» WORK ITEM:
Among the entries below, only the lines from the one with "It started as" through the one with "Patrick Eldridge parked" are wanted, reproduced exactly. Pictures are not wanted.

» DATA TO EXAMINE:
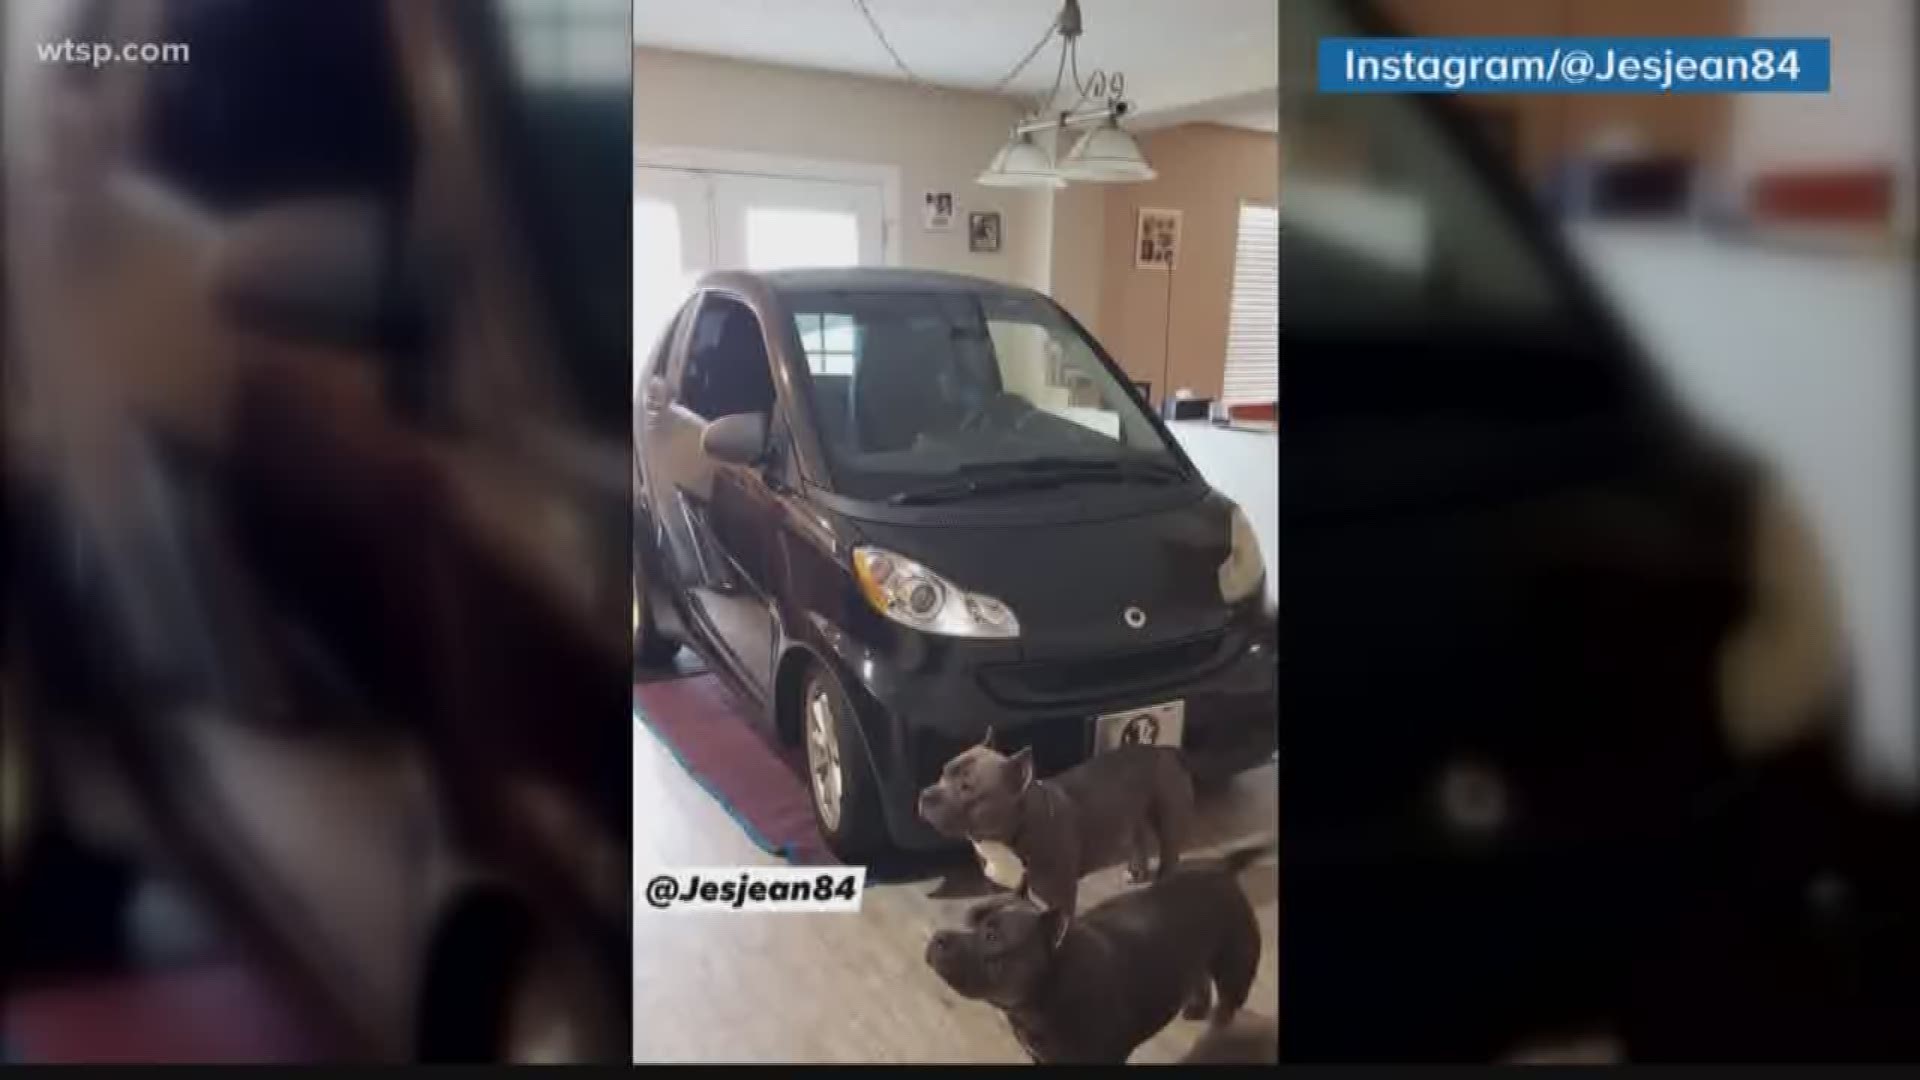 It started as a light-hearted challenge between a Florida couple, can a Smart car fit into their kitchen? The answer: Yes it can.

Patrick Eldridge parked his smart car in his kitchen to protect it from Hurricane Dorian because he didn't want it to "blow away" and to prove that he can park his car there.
...
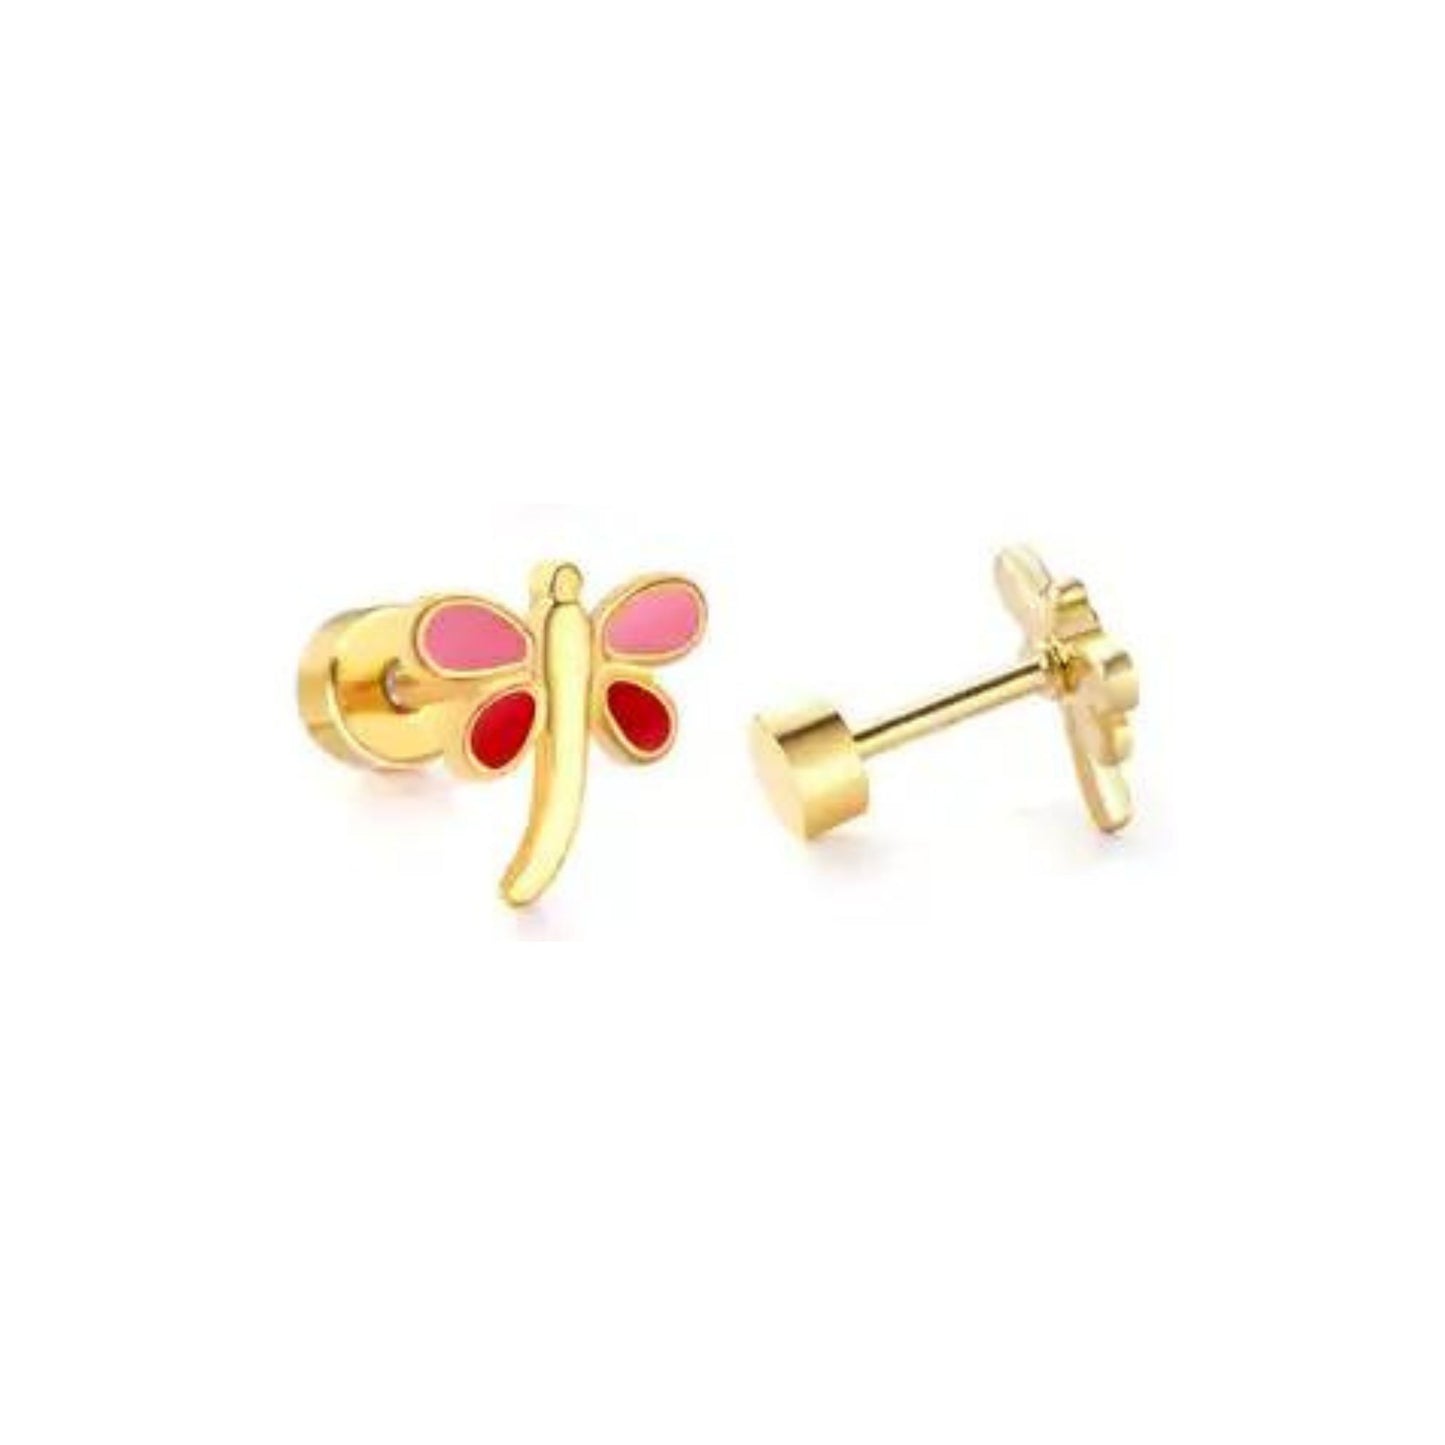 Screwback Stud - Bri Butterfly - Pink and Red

» RESULT OF THE EXERCISE:
 It started as a light-hearted challenge between a Florida couple, can a Smart car fit into their kitchen? The answer: Yes it can.

Patrick Eldridge parked his smart car in his kitchen to protect it from Hurricane Dorian because he didn't want it to "blow away" and to prove that he can park his car there.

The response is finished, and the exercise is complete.